The Guido debris flow’s catchment measures 4.7 km2 and is constituted of three main torrents that meet a few meters ahead of the International Road. Each one of these torrents started during the evening of January 11, 2005, reaching the road apparently at a very short interval of time. Three years later, signs of them are still perfectly visible, frozen by the arid climate of the region.
The study has been mainly realized from satellite Quickbird imagery and field data collected during a three-week field survey.
It has been established from meteorological data, particle size and mineralogy the conditions that lead to a start of debris flow in this catchment. It depends on strong rainfall combined with numerous material mainly constituted of sands produced by the erosion of a very altered granite. The debris flows have been classified as being a granular matrix that has a collisional-frictional behavior.

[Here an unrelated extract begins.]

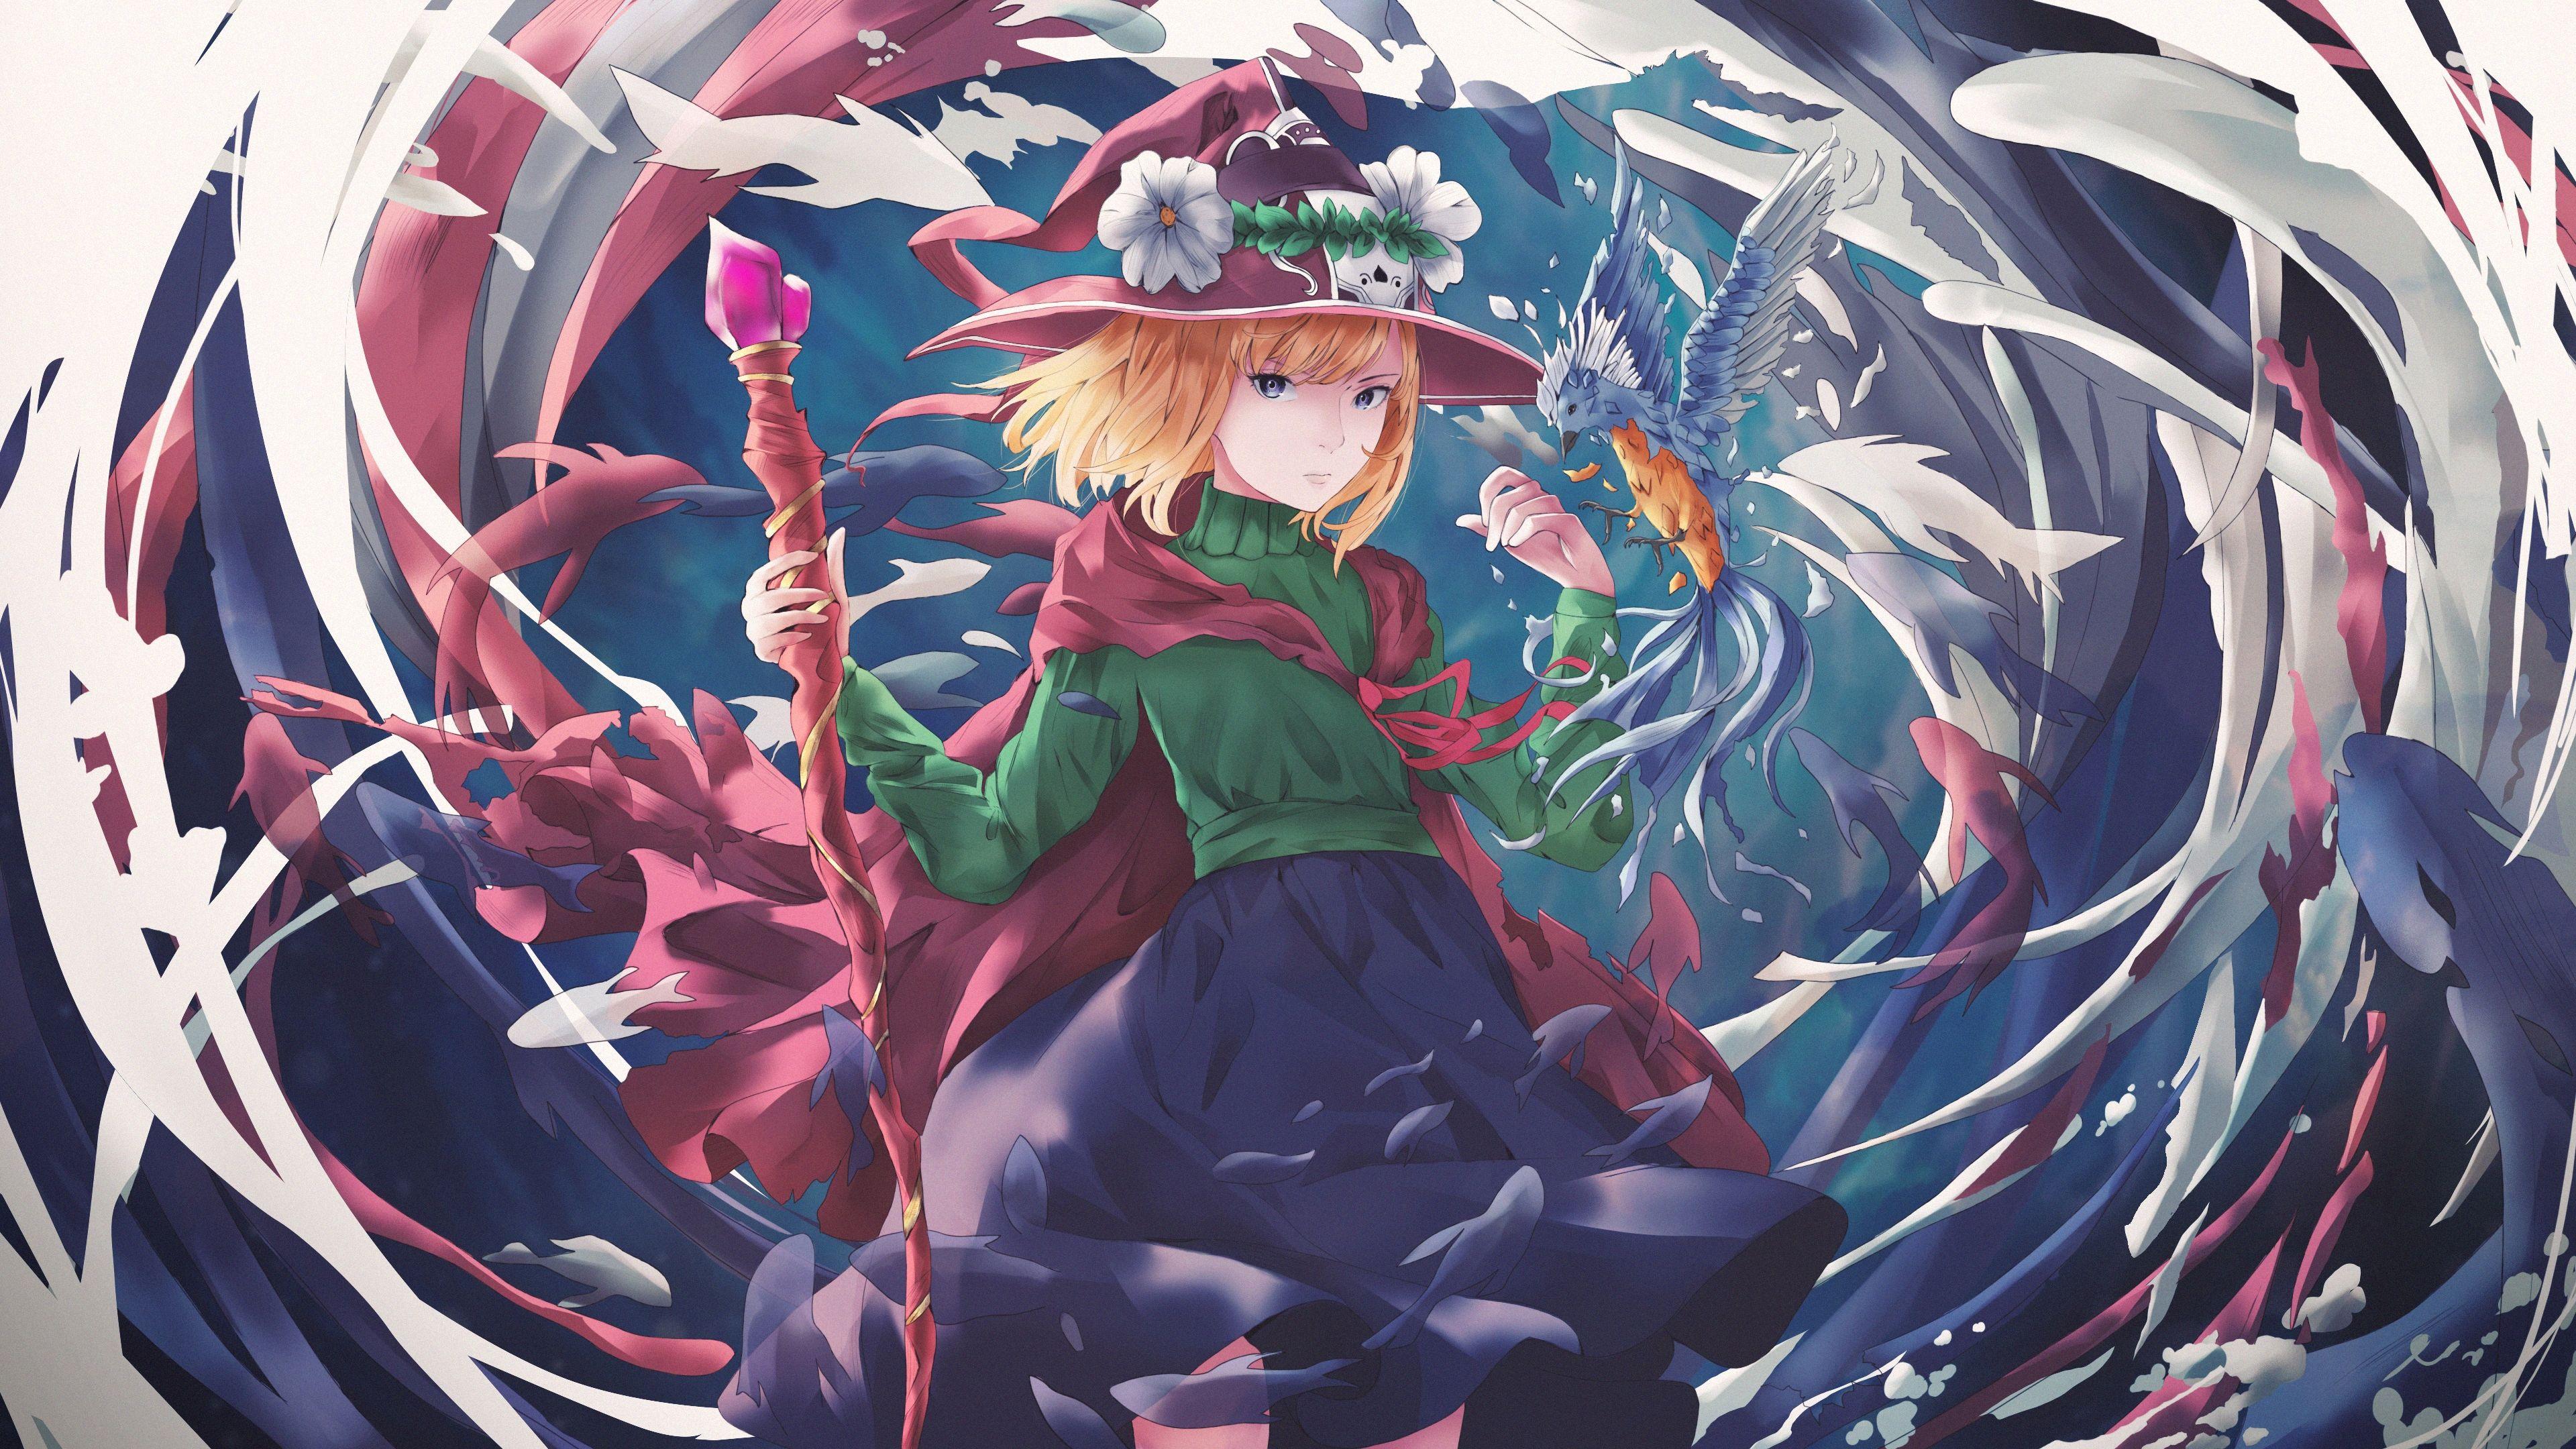 Download 3840x2160 Anime Witch Girl, Blonde, Staff, Bird

From various criteria and with the help of a digital elevation model, it has been shown that the starts happen mainly at the top of the catchment.
Various calculations of volumes, peak discharges and velocities have been realized from geomorphologic methods, empiric formulas and from the analysis of satellite imagery. It appears that an important potential of volume that can be mobilized exists, especially for the longest torrent. A new event could move more than 65.000 m3 of material; the last event reached an estimated velocity of approximately 7 m/s.
A detailed geomorphologic study gave the opportunity to emphasize the activities of anthropogenic origin that led to the deviation of the torrents towards a more adequate place for the construction of a mitigation work. Identically three propagation scenarios illustrating the vulnerability of the road have been proposed.
The present state of the work where underneath the debris flows must cross is not optimum: it is underdimensioned and the last event deposits have not been completely evacuated. The road has been considered as vulnerable even in case of much lighter debris flows.
The results gave the opportunity to put forward several realistic protection measures for the Argentinean context in descending order of importance. They are simple and should be feasible at reasonable cost.